26596
A Randomized Controlled Trial of the Effectiveness of Pivotal Response Treatment with and without Use of a NAO Robot in Young Children with ASD

Friday, May 11, 2018: 3:16 PM
Grote Zaal (de Doelen ICC Rotterdam)
I. Smeekens1,2, M. De Korte2,3, M. Van Dongen - Boomsma2, J. C. den Boer4, I. J. Oosterling2, J. K. Buitelaar5,6, W. G. Staal2,3,7, E. I. Barakova8, T. Lourens9 and J. C. Glennon3, (1)Department of Cognitive Neuroscience, Donders Institute for Brain, Cognition and Behaviour, RadboudUMC, Nijmegen, Netherlands, (2)Karakter Child and Adolescent Psychiatry University Centre, Nijmegen, Netherlands, (3)Department of Cognitive Neuroscience, Donders Institute for Brain, Cognition and Behaviour, Radboud University Nijmegen Medical Centre, Nijmegen, Netherlands, (4)Karakter Child and Adolescent Psychiatry, Ede, Netherlands, (5)Department of Cognitive Neuroscience, Donders Institute for Brain, Cognition and Behaviour, Radboud University Medical Center Nijmegen, Donders Institute for Brain, Cognition and Behaviour, Nijmegen, Netherlands, (6)Radboud University Medical Center Nijmegen, Donders Institute for Brain, Cognition and Behaviour, Nijmegen, Netherlands, (7)Institute for Brain and Cognition, Leiden University, Leiden, Netherlands, (8)Faculty of Industrial Design, University of Technology, Eindhoven, Netherlands, (9)TiViPE, Helmond, Netherlands
Background: Pivotal Response Treatment (PRT) is a promising intervention effective in promoting "pivotal skills" in children with autism spectrum disorder (ASD) (Bozkus-Genc & Yucesoy-Ozkan, 2016). However, evidence is lacking on which treatment components contribute to higher gains in generalized social communication skills and general clinical functioning and to diminished ASD symptoms. The use of robots within the treatment of ASD is hypothesized to contribute to higher treatment gains, since robots are intrinsically appealing to many children with ASD and robots may generate motivation for social interaction (Scassellati, 2007) and engagement in interventions (Boccanfuso et al., 2017). However, contemporary research on using robots in ASD interventions often lacks 1) methodological rigor (Begum, Serna, & Yanco, 2016), 2) evidence on generalization of treatment effects and follow-up (Pennisi et al., 2016) and 3) insight into how robots can be of additional value to established interventions (Diehl, Schmitt, Villano, & Crowell, 2012).
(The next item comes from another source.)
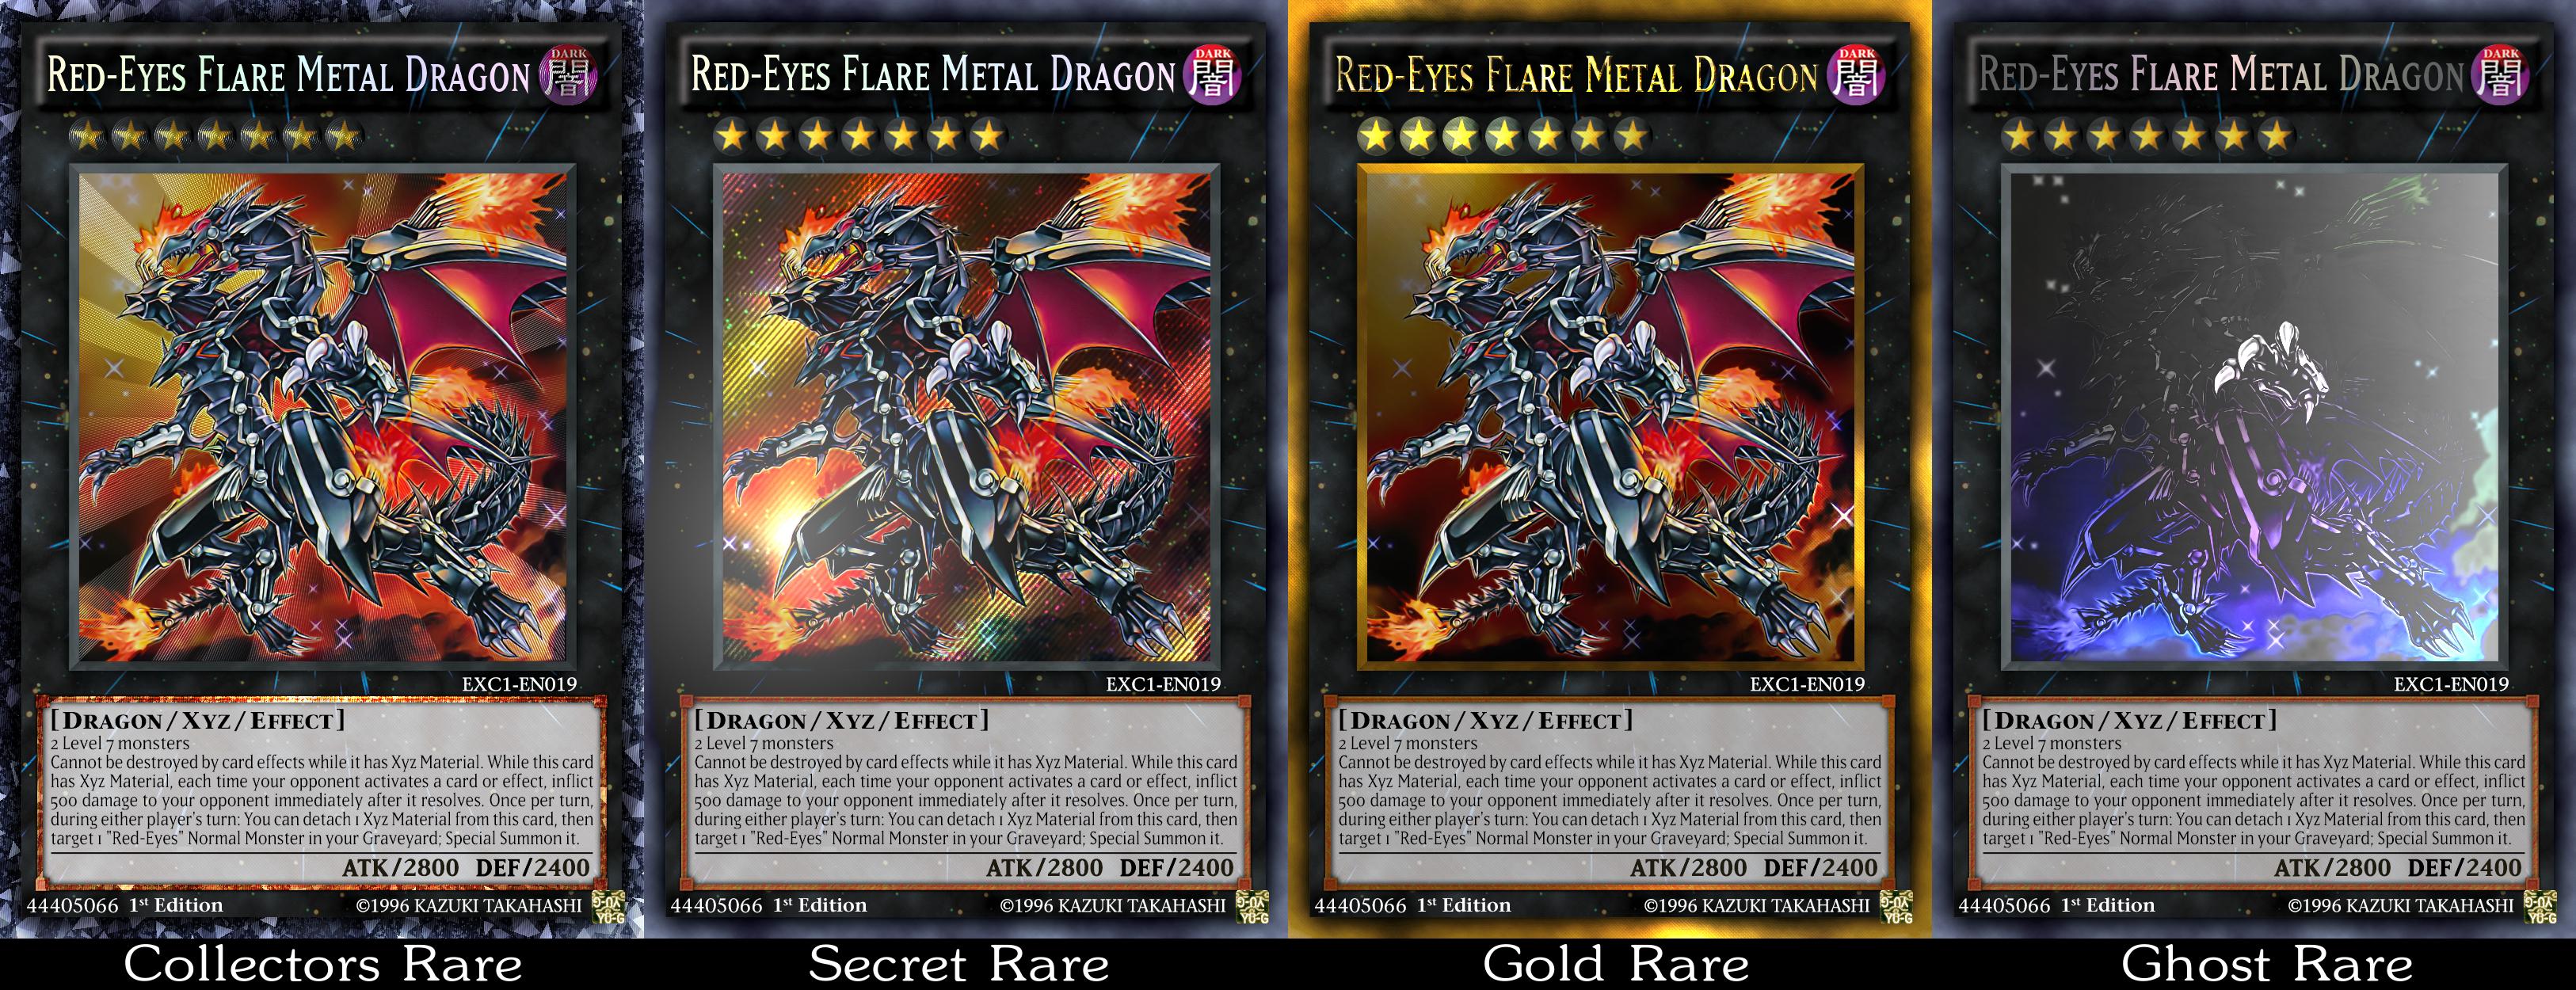 red eyes darkness metal dragon deck instadeck us

Objectives: The present study aims to examine the effectiveness of using a humanoid (NAO) robot within parent-mediated PRT for diminishing ASD-related symptoms and improving general clinical functioning in young children with ASD compared with PRT (without robot) and treatment-as-usual (TAU).

Methods: A randomized controlled trial (RCT) design was used to compare 1) parent-mediated PRT with using the NAO robot (PRT+robot), 2) parent-mediated PRT, and 3) TAU in 74 young children (3-8 years) with ASD. PRT consisted of 20 weekly therapy sessions, including 14 parent-child sessions and 6 parent sessions. In both PRT conditions, parents were trained in use of the PRT techniques and in the PRT+robot condition, the robot was added in all parent-child sessions to train the child with programmed scenarios incorporating PRT techniques. At baseline, week 10, 20 and 3-month follow-up, the child's ASD-related symptoms were assessed with the Social Responsiveness Scale (SRS, Roeyers, Thys, Druart, De Schryver, & Schittekatte, 2011) completed by parents and teachers. Clinically significant improvement was examined using the Clinical Global Impression-Improvement Scale (CGI-I, Guy, 1976) completed by a blinded child psychiatrist.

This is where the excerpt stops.